IBM's SiGe HBT BiCMOS Technology Generations:
- 1st Generation (IBM 5HP – 50 GHz HBT + 0.35µm CMOS)

- 2nd Generation (IBM 6HP – 50 GHz HBT + 0.25µm CMOS)

- 3rd Generation (IBM 7HP – 120 GHz HBT + 0.18µm CMOS)

- 4th Generation (IBM 8T – 200 GHz HBT)

- 5th Generation (IBM 9T – 350 GHz HBT)

Examples:

IBM, Motorola

Gallium nitride (GaN)

This is the future of microwave power amps, GaAs has exceeded its half-life, you can quote us on that. More expensive in terms of dollars per die, GaN offers a path to much higher power densities and therefore cheaper dollars per Watt. Breakdown voltages of 100 Volts are possible, soon you will be able to buy 48 volt solid state power amps at X-band! GaN is still a relatively immature process, reliability has been a HUGE problem that is just being overcome. Ancillary stuff like higher-voltage capacitors and resistors, and backside processes need to be redeveloped at MMIC foundries in order to participate in this new technology.

DARPA is pumping millions of taxpayer dollars into GaN so that the US will maintain technological superiority in military programs for the next decade or two. The big DARPA program is called WBGS-II (for wide bandgap semiconductor), and the three teams are TriQuint/Lockheed, Raytheon/Cree and Northrop Grumman. No further discussion will appear here, the data is ITAR restricted!

Substrates for GaN are either silicon carbide, sapphire, or silicon (Nitronix uses this approach). "Native" GaN wafers are impractical, so a lot of expensive alchemy is needed to align the GaN crystal onto mismatched substrates. Four-inch SiC substrates are just becoming available, for GaN-on-silicon, four inch wafers are also available.

Sic is an excellent heat sink, and GaN can operate up to to greater than 150C channel temperature.
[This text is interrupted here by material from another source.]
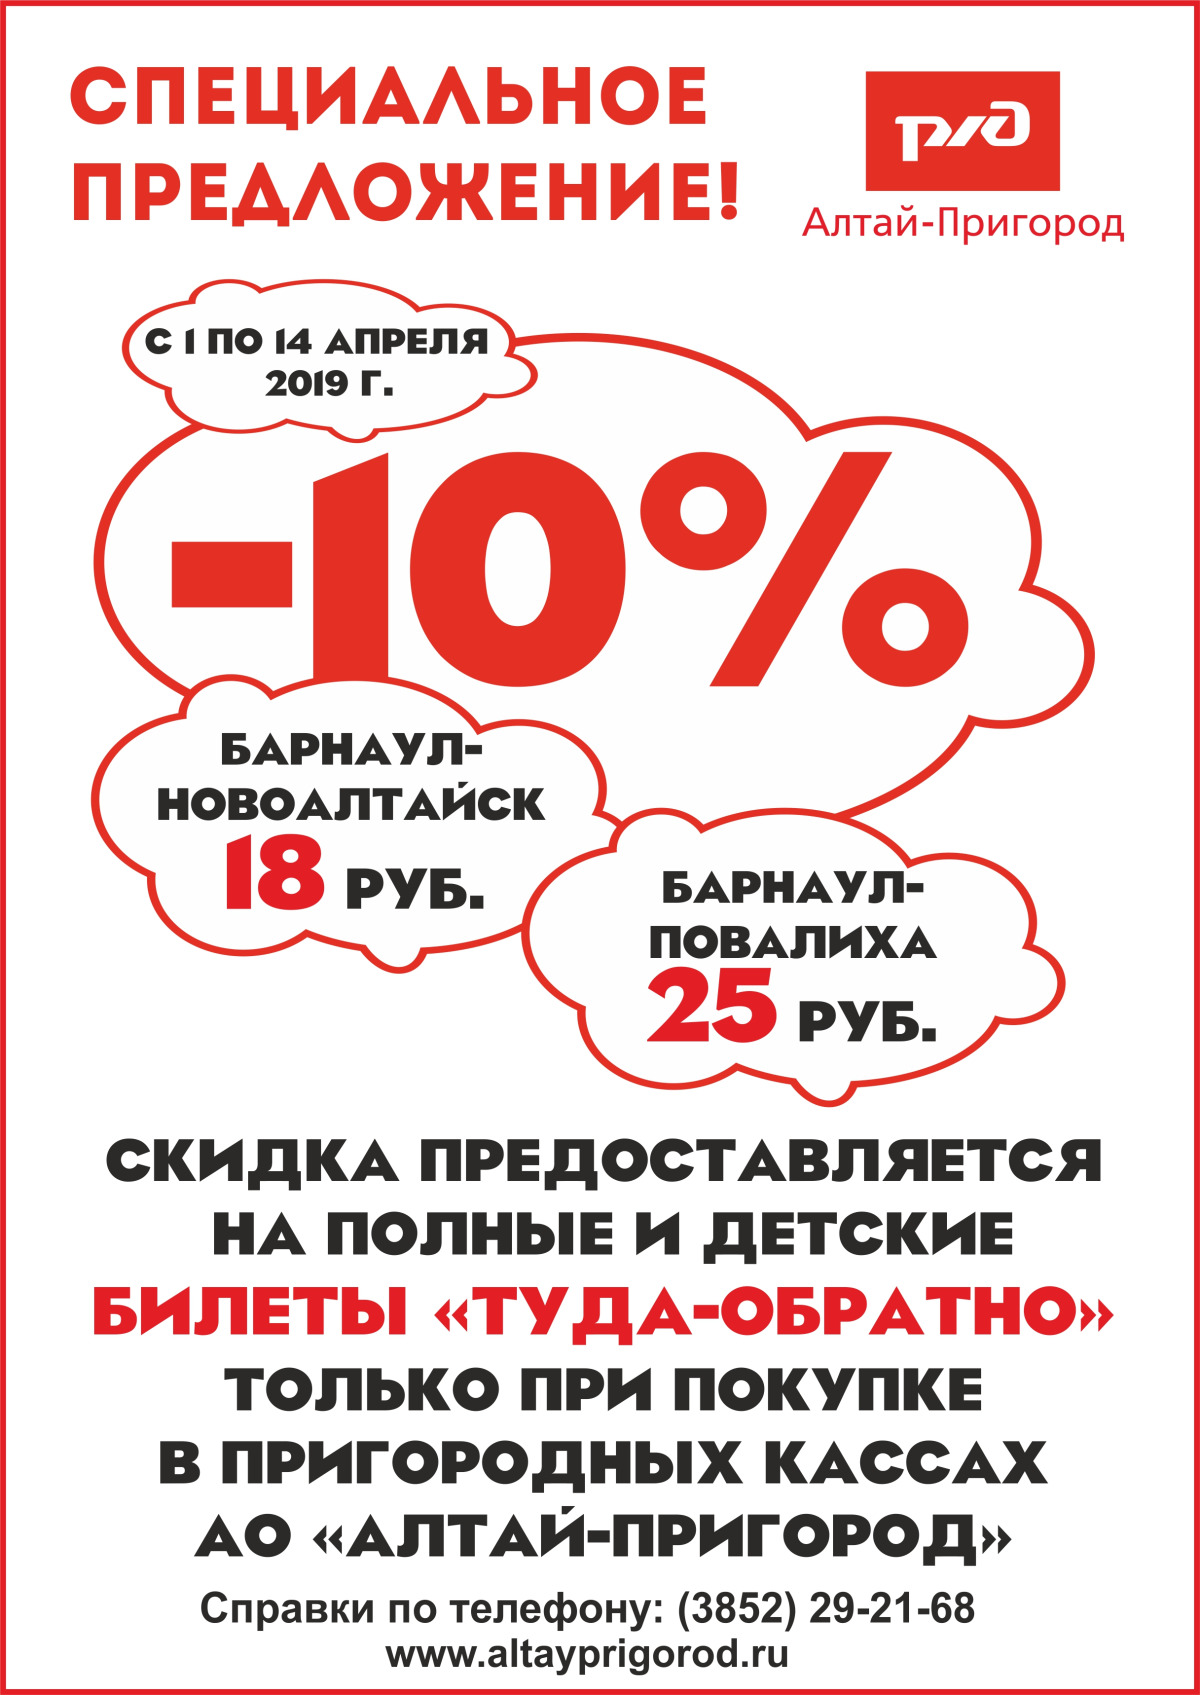 Специальное предложение! -10% на полные и детские билеты туда-обратно с 12 по 31 марта АО «Алтай-Пригород»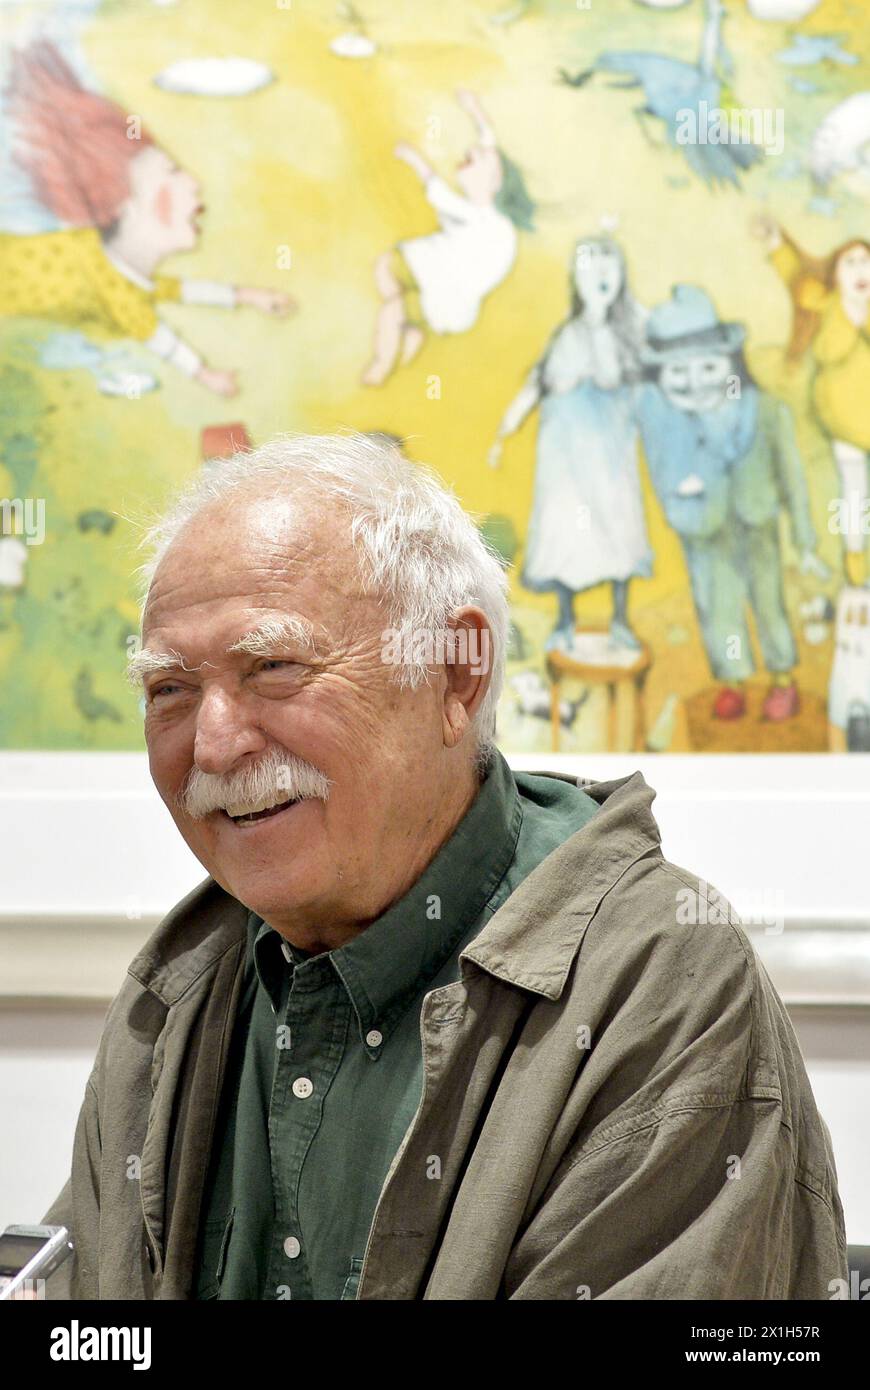 Janosch durante l'inaugurazione della mostra il 2 giugno 2016 a Vienna, Austria. Janosch (nato come Horst Eckert) è uno dei più noti autori e illustratori di libri per bambini tedeschi. IMMAGINE: Janosch - 20160602 PD4590 - Rechteinfo: Rights Managed (RM) Foto Stock

Below 2 GHz, expect to see GaN used in base station applications, competing with silicon carbide technology. Higher frequency GaN products will be fielded by the military, HRL reports power amplifiers even up at millimeterwave!
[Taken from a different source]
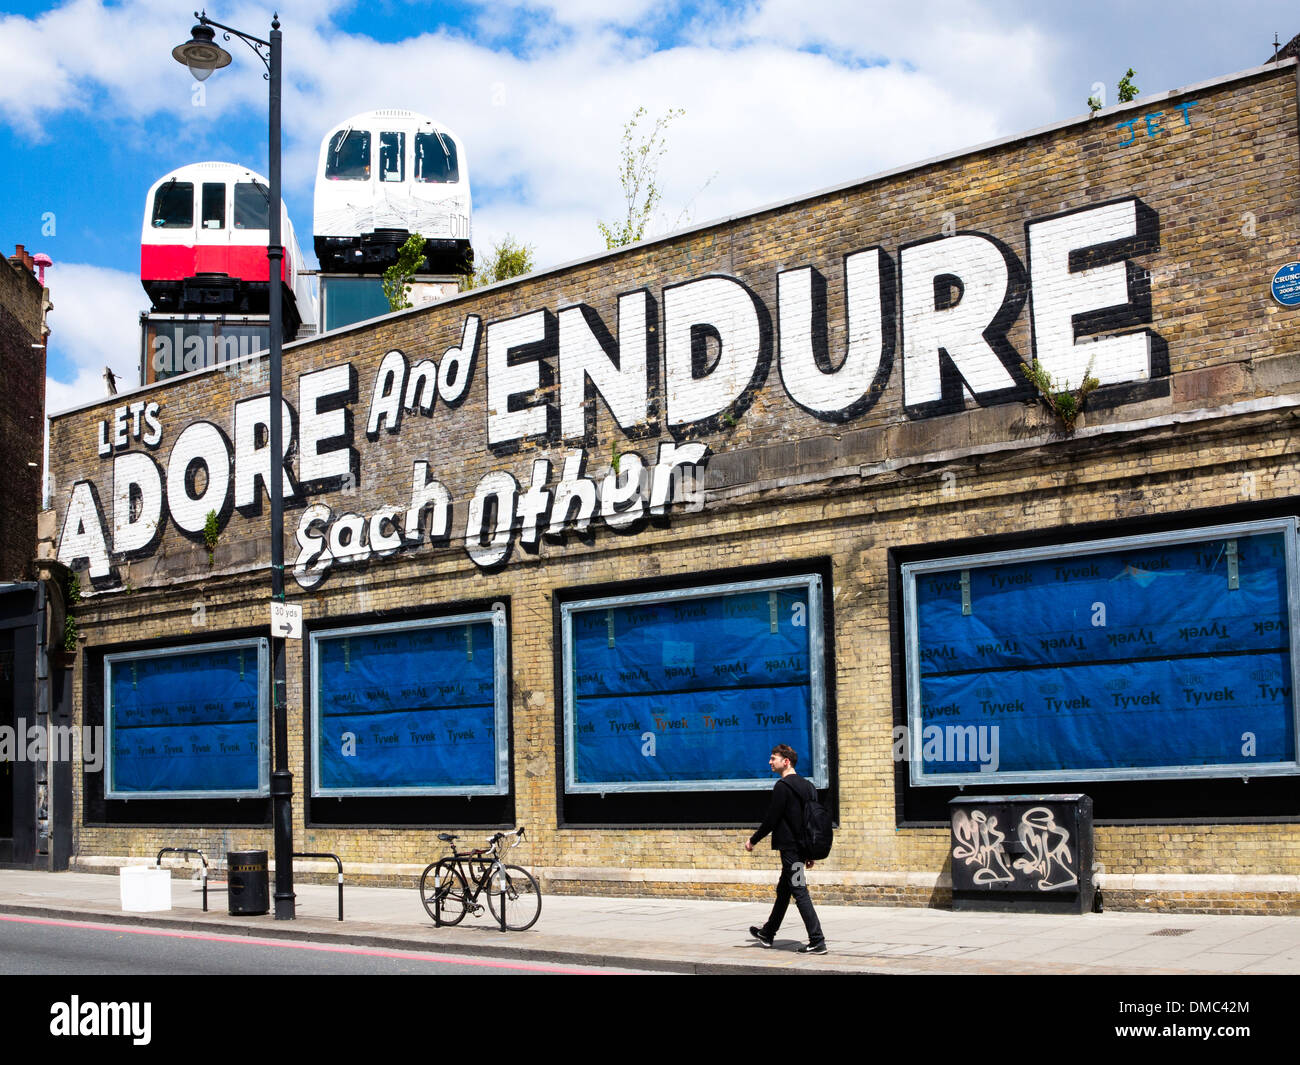 L'adorer et permet de supporter l'autre Graffiti, Shoreditch, East London, UK. Banque D'Images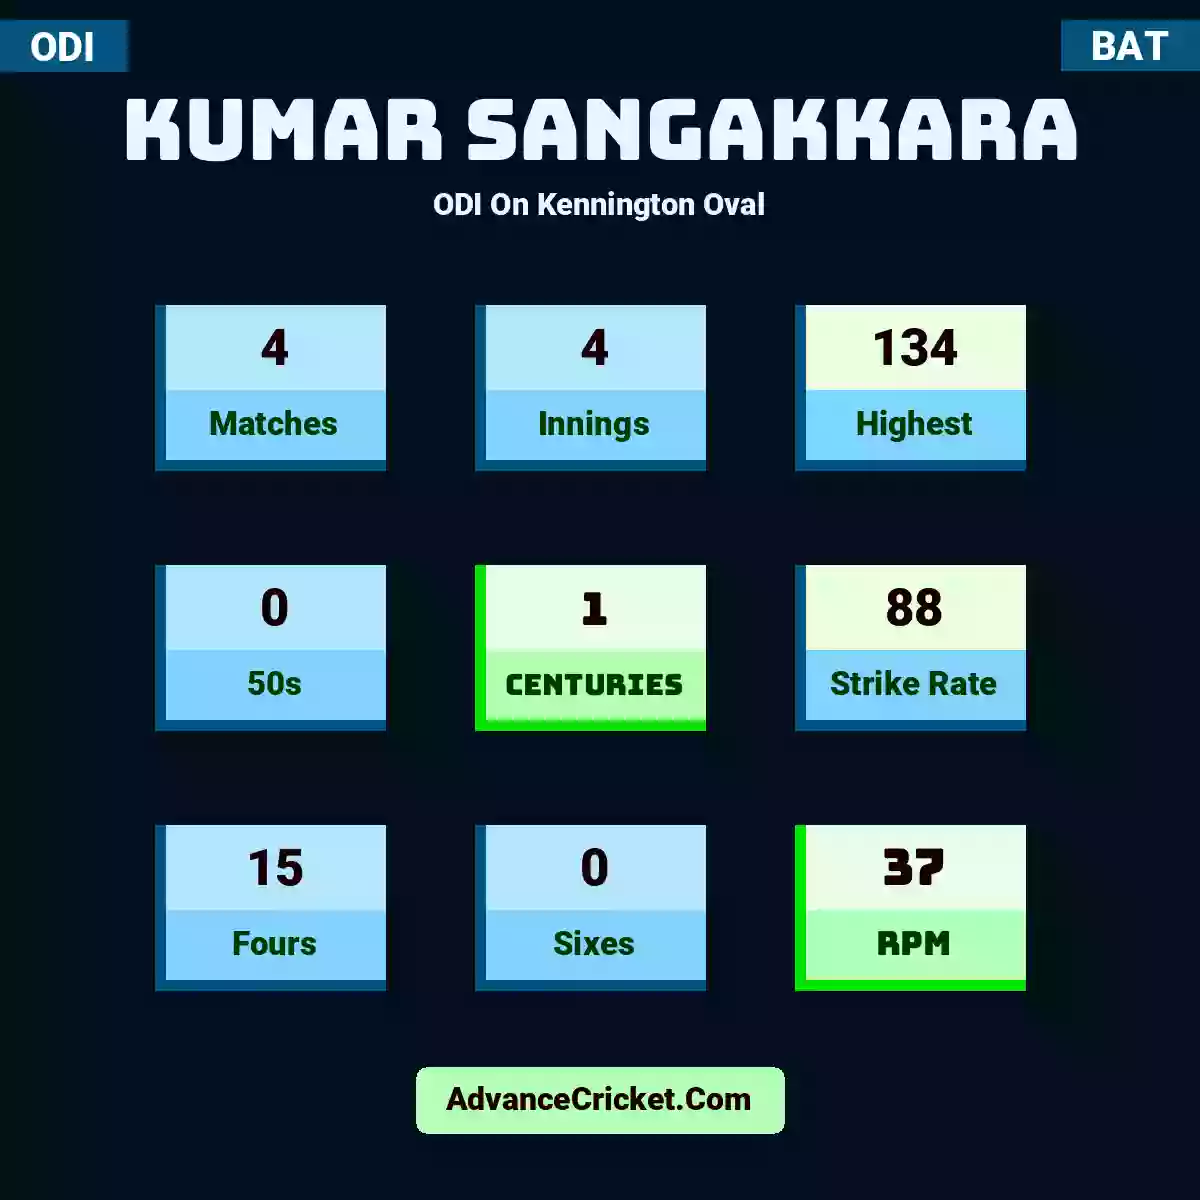 Kumar Sangakkara ODI  On Kennington Oval, Kumar Sangakkara played 4 matches, scored 134 runs as highest, 0 half-centuries, and 1 centuries, with a strike rate of 88. K.Sangakkara hit 15 fours and 0 sixes, with an RPM of 37.

Silicon is not such a great heat sink as silicon carbide (40 versus 350 W/m-K), so lower-cost of GaN on-silicon-may be outweighed by the ability to dissipate higher power (and thereby achieve greater power density) on SiC Normally, silicon's conductivity makes it lossy as an RF substrate, Nitronix could fix that using high-resistivity silicon (click here to learn more about microstrip loss due to substrate conductivity). Maybe that is why Nitronix only offers discrete FETs, not MMICs. Eventually the two technologies may find their own niches, the GaN market will be huge.

Advantages: Disadvantages
  • Up to 10X the power density of GaAs PHEMT has been demonstrated.
  • Higher operating voltage, less current.
  • Excellent efficiency possible.
  • Sic substrates are great heat spreaders.
  • Can operate hotter than GaAs, Si or SiGe.
  • Expensive as heck!
  • Reliability not established yet
  • You have to deal with a huge heat flux.

Examples:

TriQuint, Eudyna, HRL, Raytheon.
Cree for GaN/silicon carbide substrates, and soon they will have their own MMIC line.
Nitronix for GaN-on-silicon substrates and GaN-on-silicon discrete transistors.
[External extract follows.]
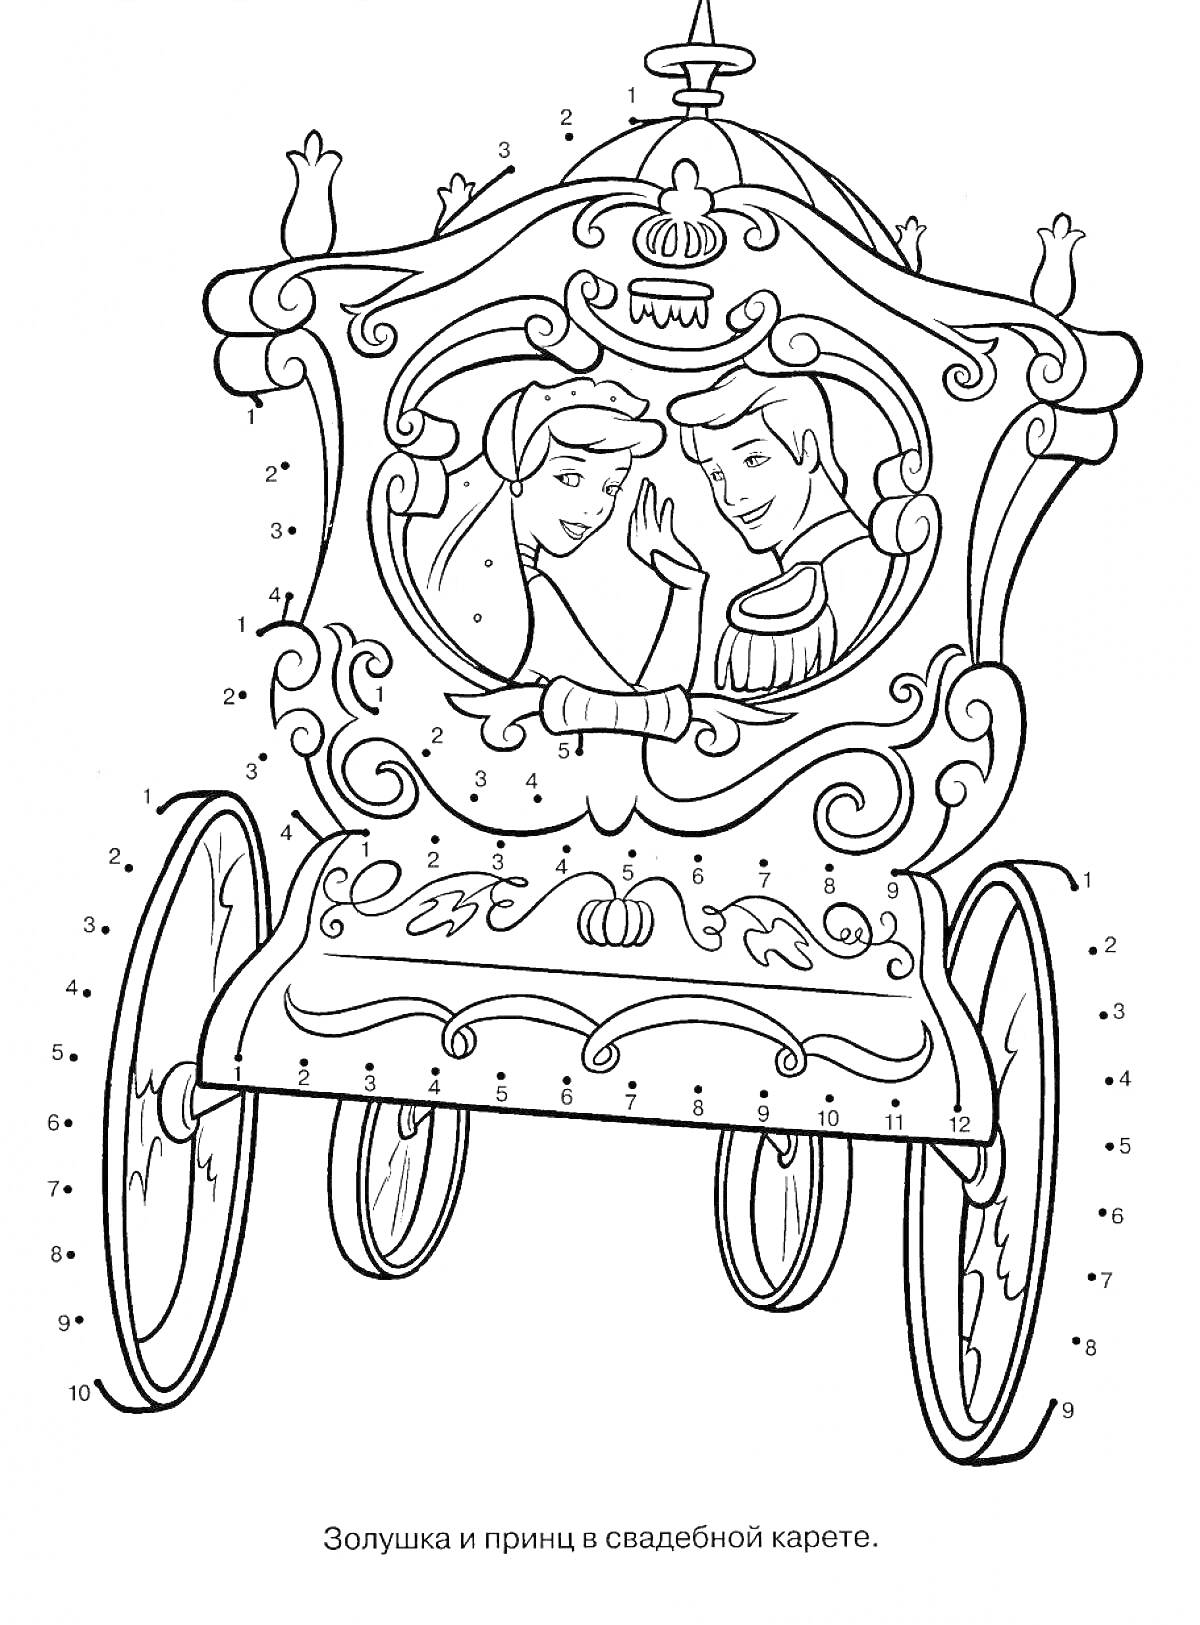 Раскраска Принцесса и принц в свадебной карете из сказки, карета с четырьмя колесами, украшенная королевскими узорами.

Antimonide-based compound semiconductors

At the other end of the power spectrum is ABCs Here's a technology that can operate at only one tenth of a volt! It is possible to create low noise amps that dissipate only one milliwatt using ABCs The market or these? Space-based arrays, where power is limited to solar cells, and the received power from earth is pretty-well attenuated to next to nothing. Don't look for ABCs applications where high linearity is a priority.